6. A stack member device, the device comprising:

the aggregation port control module is used for blocking a remote aggregation member port in the aggregation ports; the aggregation port comprises a plurality of local member ports and a plurality of remote member ports;

the receiving module is used for receiving a first Ethernet data message to be broadcasted;

the switching module is used for copying one copy for each output port of a broadcast table of the virtual local area network to which the first Ethernet data message to be broadcast belongs; wherein the aggregation port and the stacking port are output ports of the broadcast table; calculating a first local forwarding hash value based on the first ethernet data message to be broadcast and the number of local member ports of the aggregation port;

and the sending module is used for sending the first Ethernet data message to be broadcasted, which is copied for the aggregation port, according to the local member port corresponding to the first local forwarding hash value.

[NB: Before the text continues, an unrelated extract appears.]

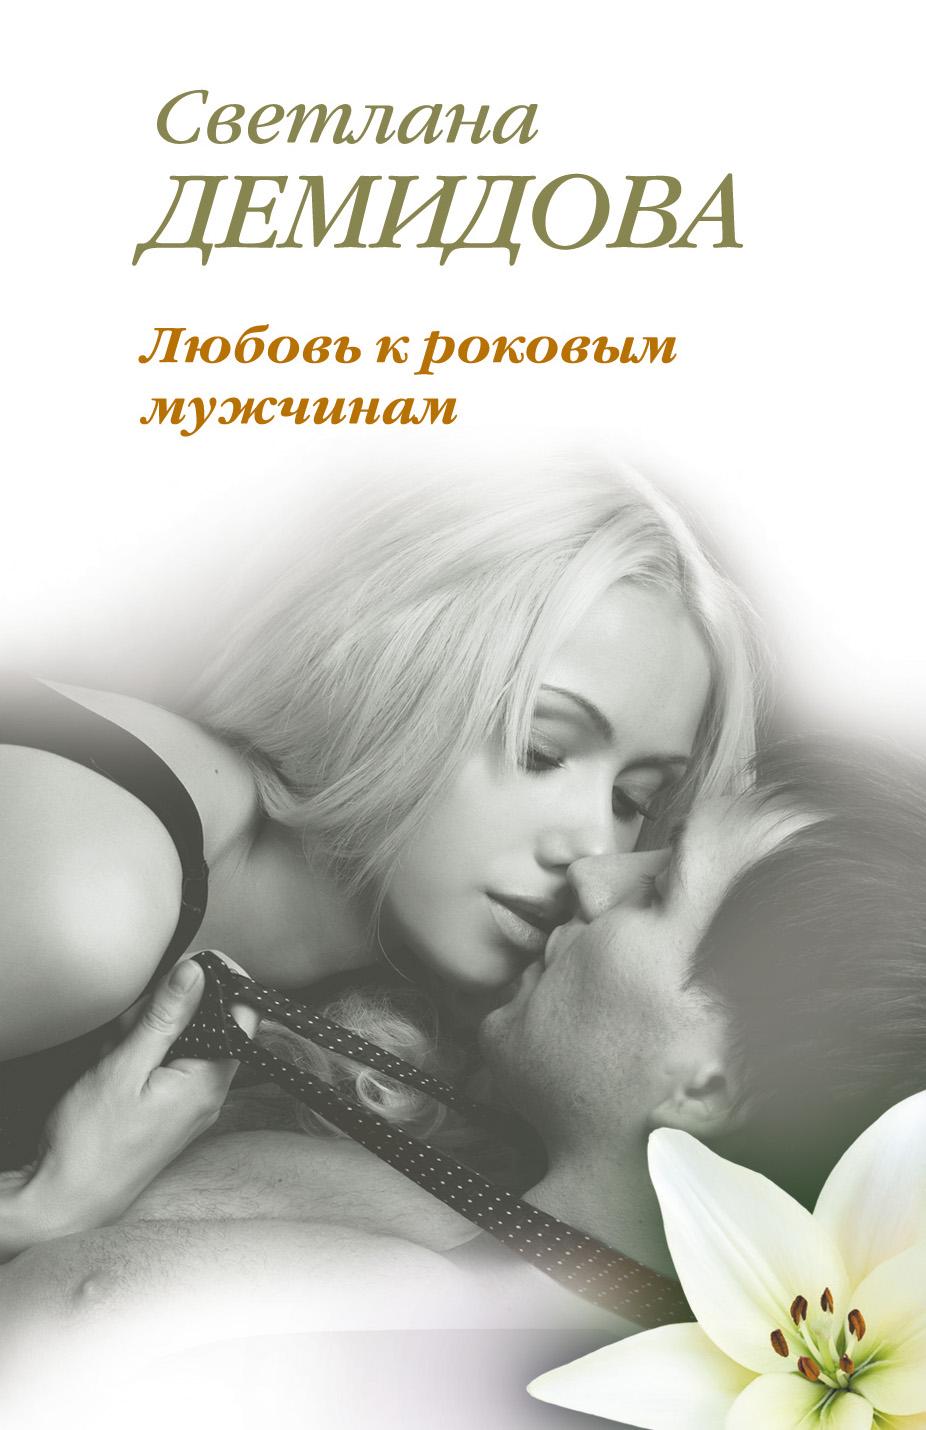 Светлана Демидова Любовь к роковым мужчинам хардинг б есть только любовь

7. The apparatus of claim 6, wherein the device comprises a plurality of sensors,

the aggregation port control module is also used for setting a remote broadcast message discarding control list item; the matching items are messages received through a stacking port and broadcast and sent through each local member port, and the action items are discarded;

the receiving module is further configured to receive a second ethernet data packet to be broadcasted through the stacking port;

the switching module is further configured to copy a copy for each output port of the broadcast table of the virtual local area network to which the second ethernet data packet to be broadcast belongs; calculating a second local forwarding hash value based on the second ethernet data packet to be broadcast and the number of local member ports of the aggregation port;

the sending module is further configured to discard, according to the remote broadcast packet discard control table entry, the second ethernet data packet to be broadcast that is copied for the aggregation port.

8. The apparatus of claim 6, wherein the device comprises a plurality of sensors,

the aggregation port control module is further configured to receive a failure interrupt notification of a first local member port of the aggregation port; determining that at least one or more of the plurality of local member ports are functioning properly; blocking the local member port fault interrupt notification to the corresponding local member port.

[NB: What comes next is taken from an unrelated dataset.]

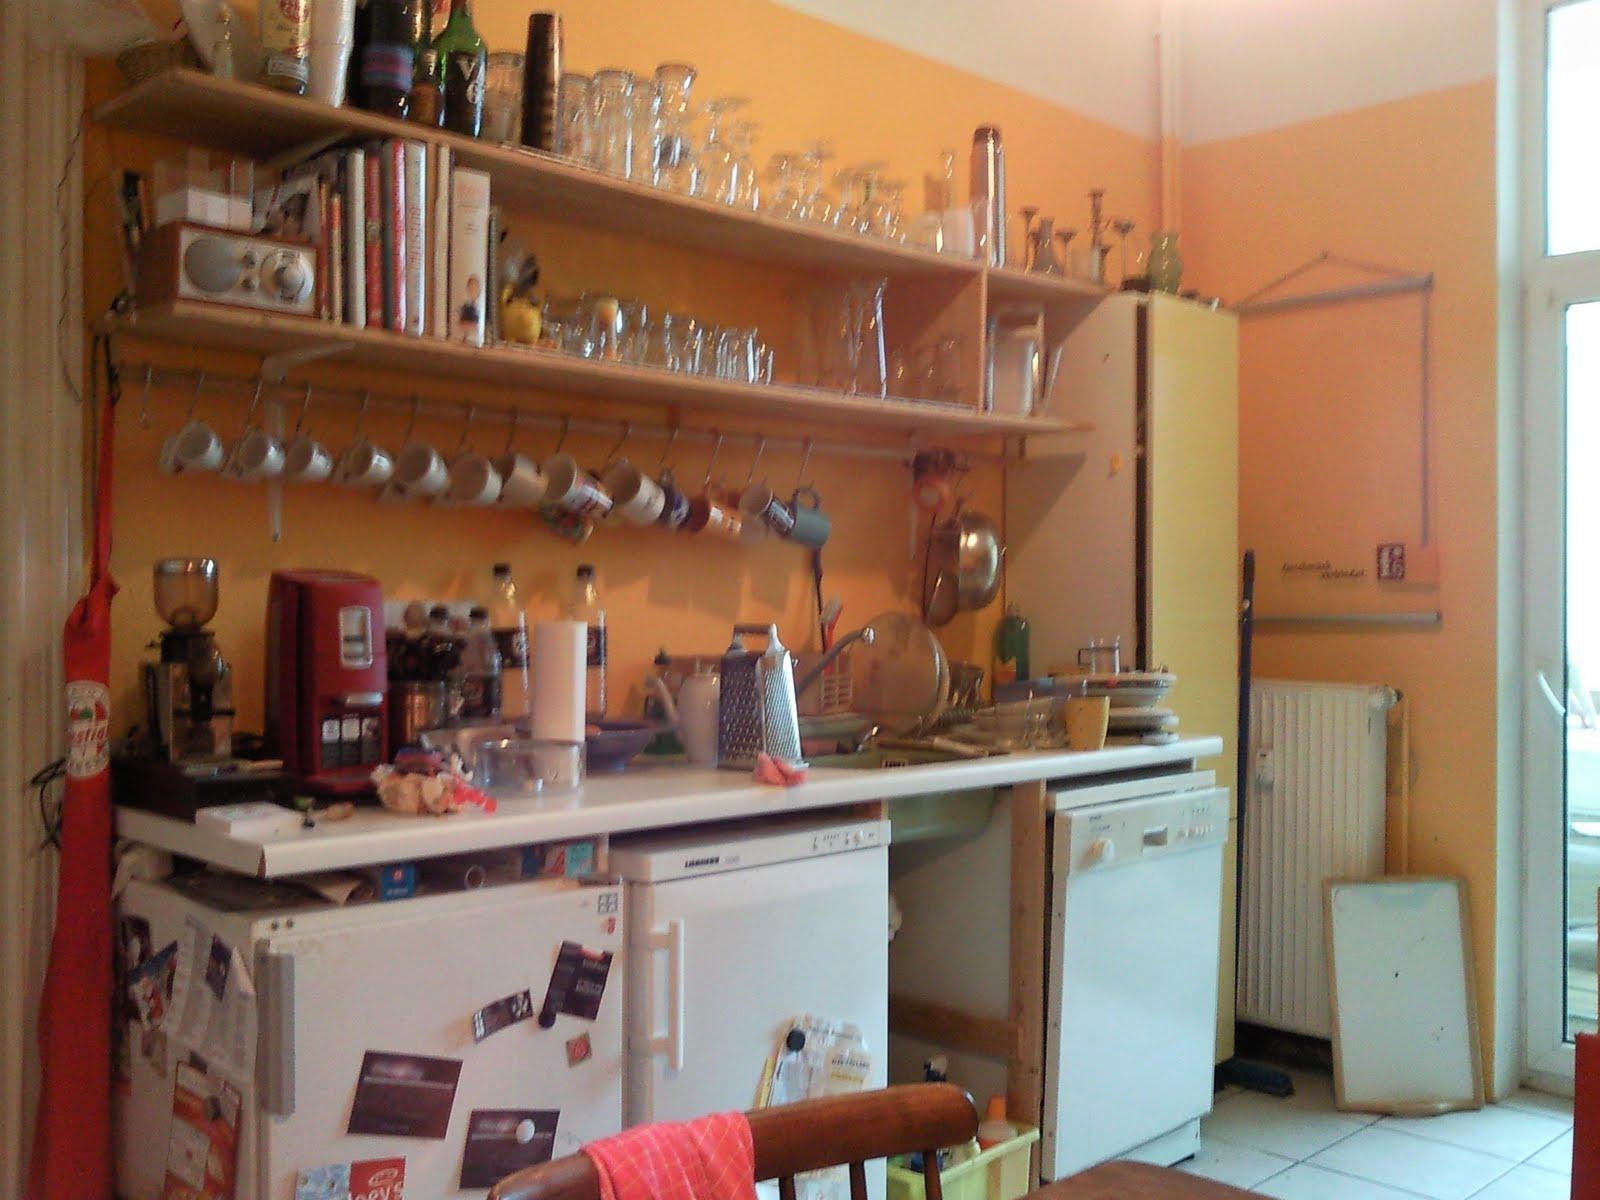 Schön Küchen Starterset; Studentenküche Studentenküche

9. The apparatus of claim 8, wherein the device comprises a plurality of sensors,

the receiving module is further configured to receive a failure interrupt notification of a second local member port of the aggregation port;

the aggregation port control module is further configured to determine that all of the plurality of local member ports are faulty; blocking the current failed local member port; releasing the plurality of remote member ports;

the remote forwarding notification module is used for generating a remote member port release notification message;

and the sending module is used for sending the remote member port release notification message to the aggregation member equipment where the plurality of remote member ports are located through the stacking port.

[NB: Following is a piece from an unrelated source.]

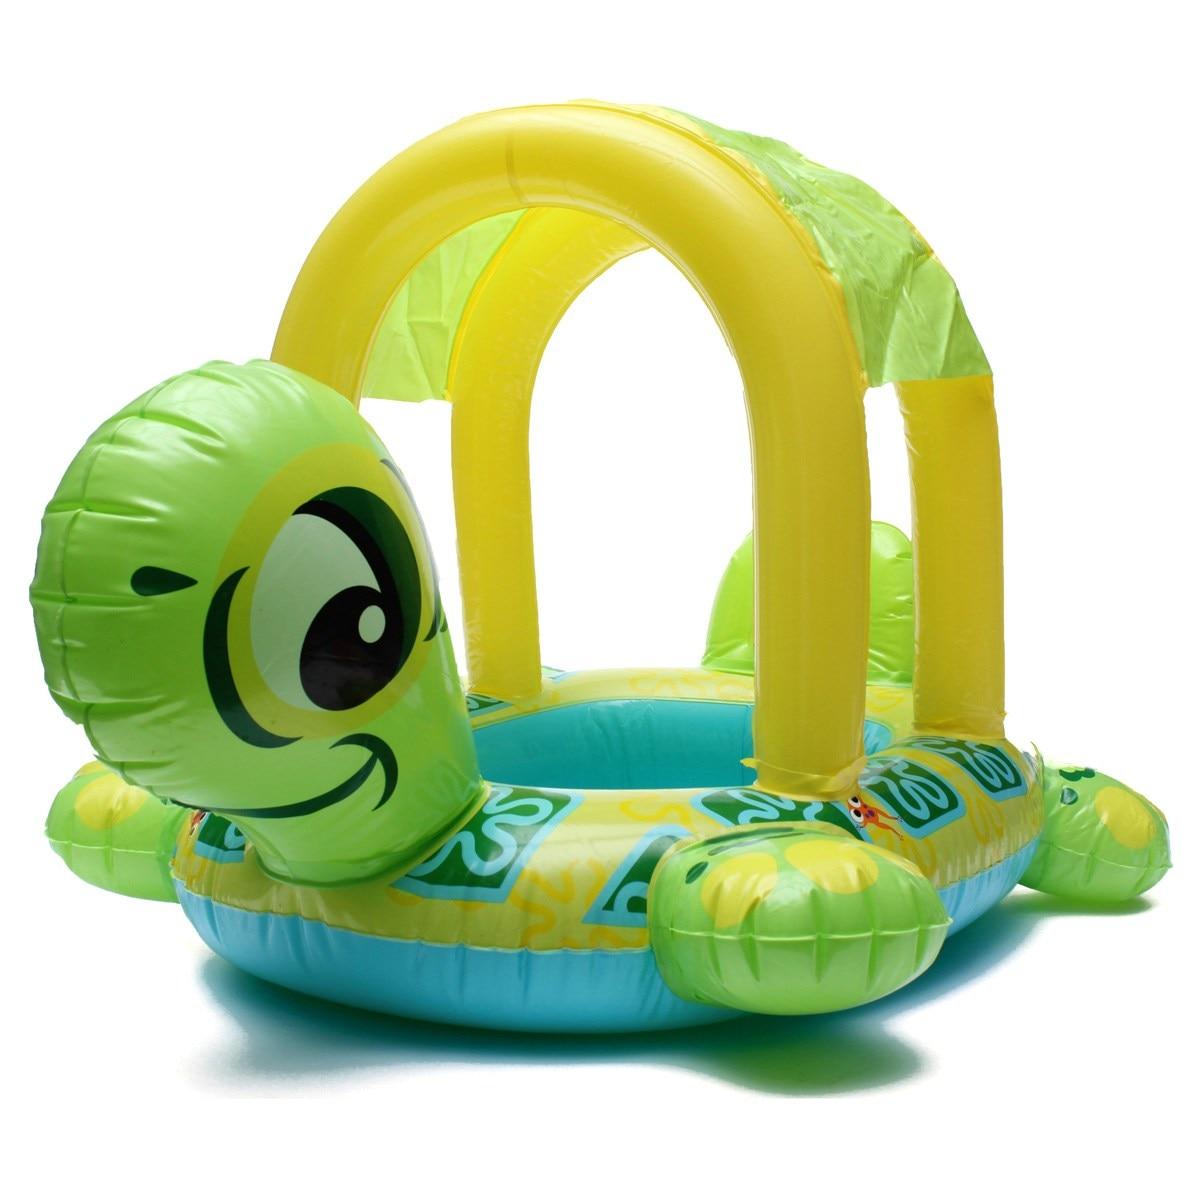 Baby Kids Swimming Ring Float Seat Turtls

10. The apparatus of claim 7, wherein the device comprises a plurality of sensors,

the receiving module is used for receiving a second remote member port release notification message; receiving a third Ethernet data message to be broadcasted through the stacking port;

the aggregation port control module is used for deleting the remote broadcast message discard control list item;

the switching module is configured to copy one copy for each output port of the broadcast table of the virtual local area network to which the third ethernet data packet to be broadcast belongs; calculating a third local forwarding hash value based on the third ethernet data packet to be broadcast and the number of local member ports of the aggregation port;

and the sending module is configured to send, according to the local member port corresponding to the third local forwarding hash value, the third ethernet data packet to be broadcasted, which is copied for the aggregation port.